* [Data for review]
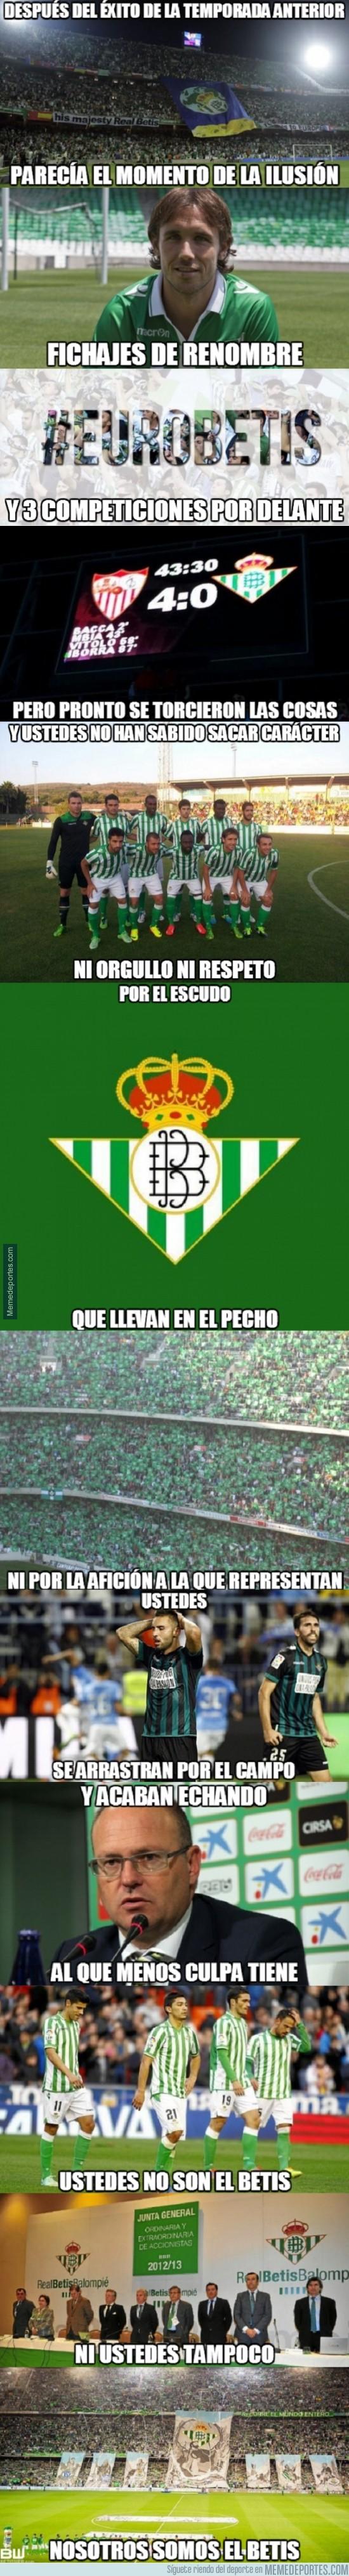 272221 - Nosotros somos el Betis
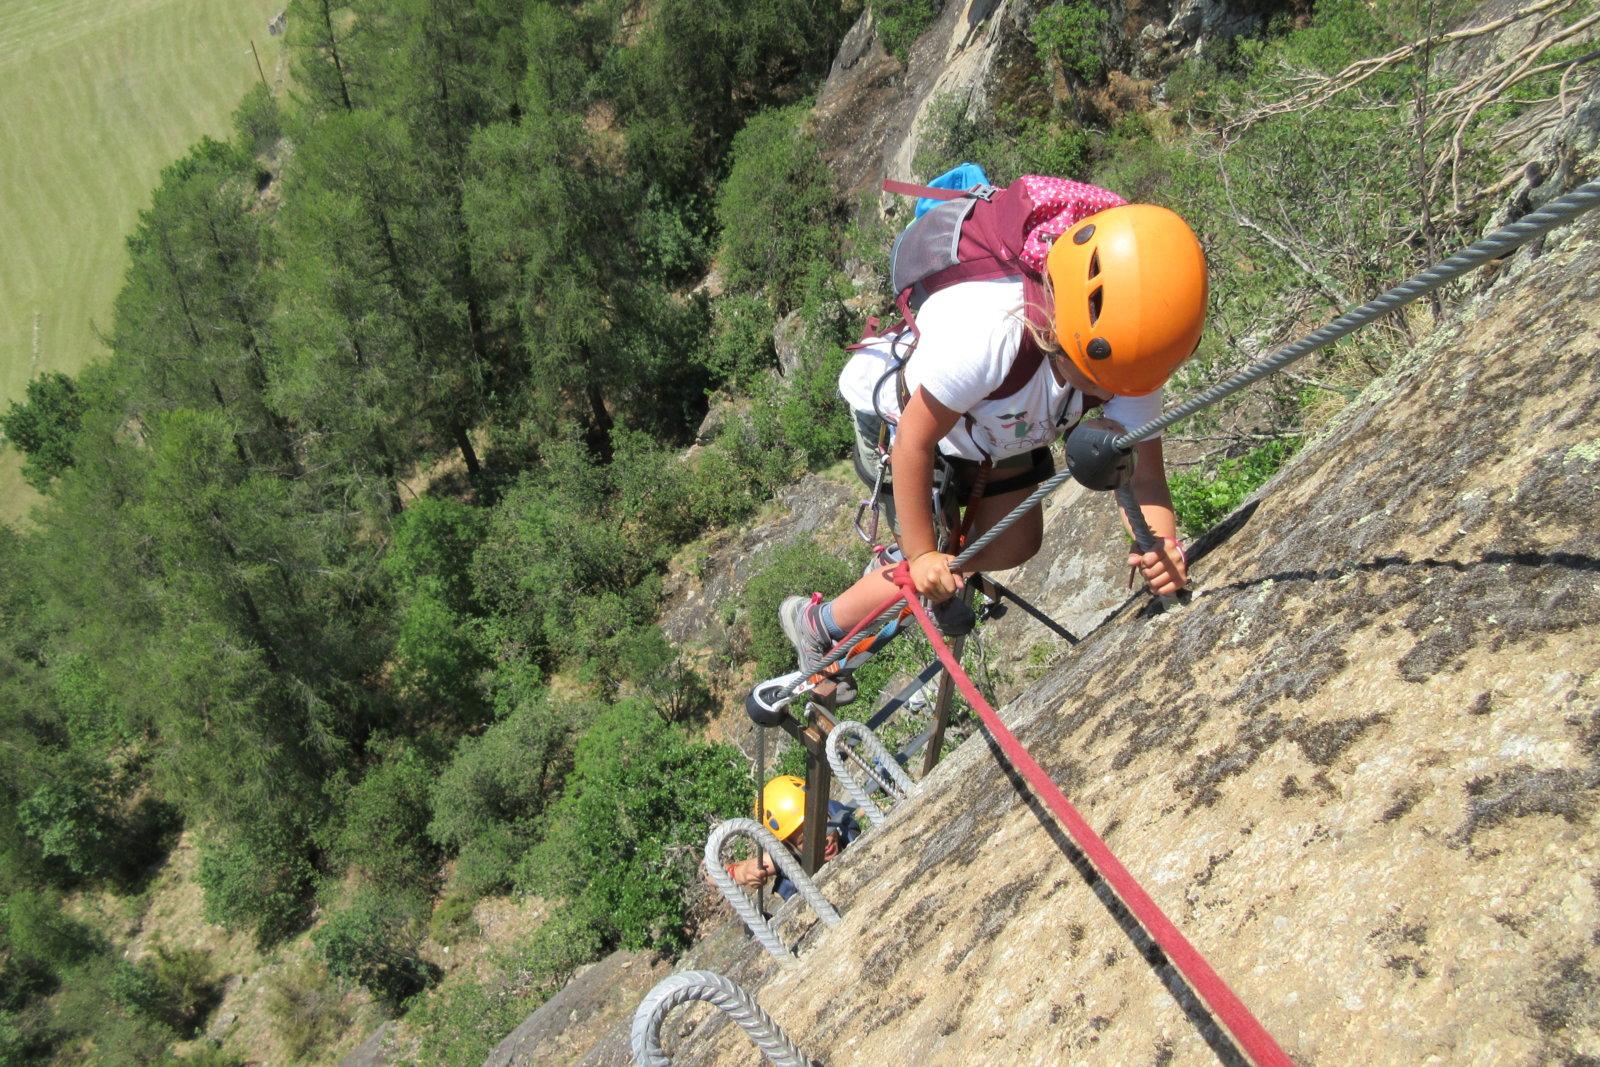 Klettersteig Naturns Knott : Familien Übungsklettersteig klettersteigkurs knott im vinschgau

---

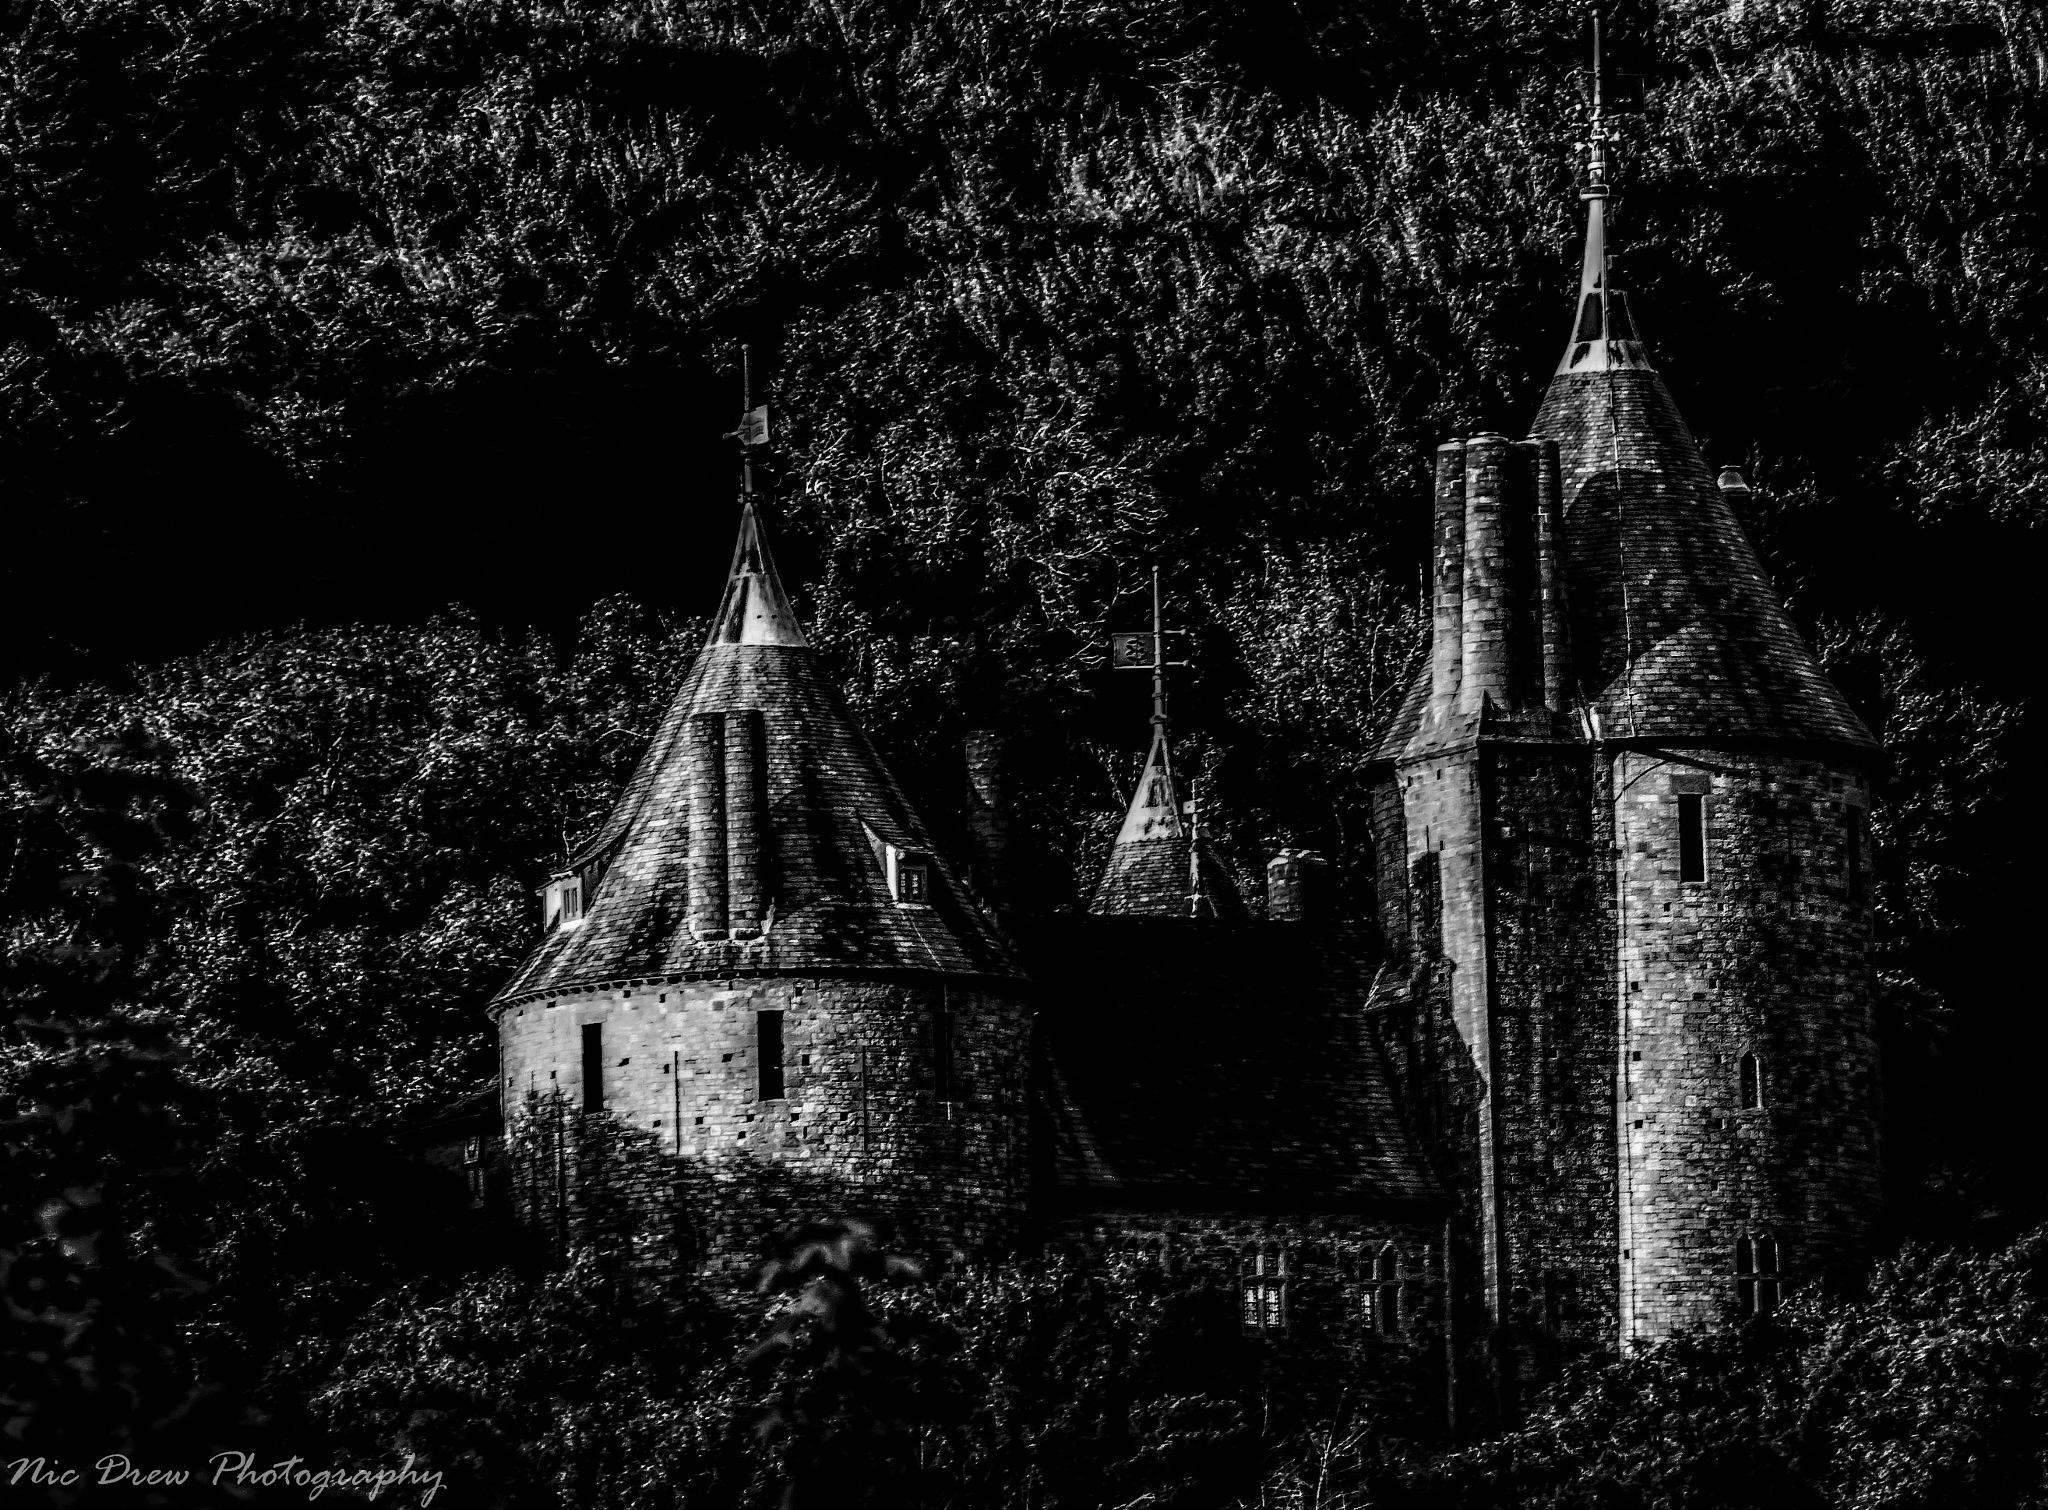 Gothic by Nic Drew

* [Directions]
Within the entries above, give again exactly the lines starting at the one that contains "272221 - Nosotros somos el Betis" and ending at the one that contains "Klettersteig Naturns Knott", leaving out the pictures.

* [Result for this task]
 272221 - Nosotros somos el Betis
 Klettersteig Naturns Knott : Familien Übungsklettersteig klettersteigkurs knott im vinschgau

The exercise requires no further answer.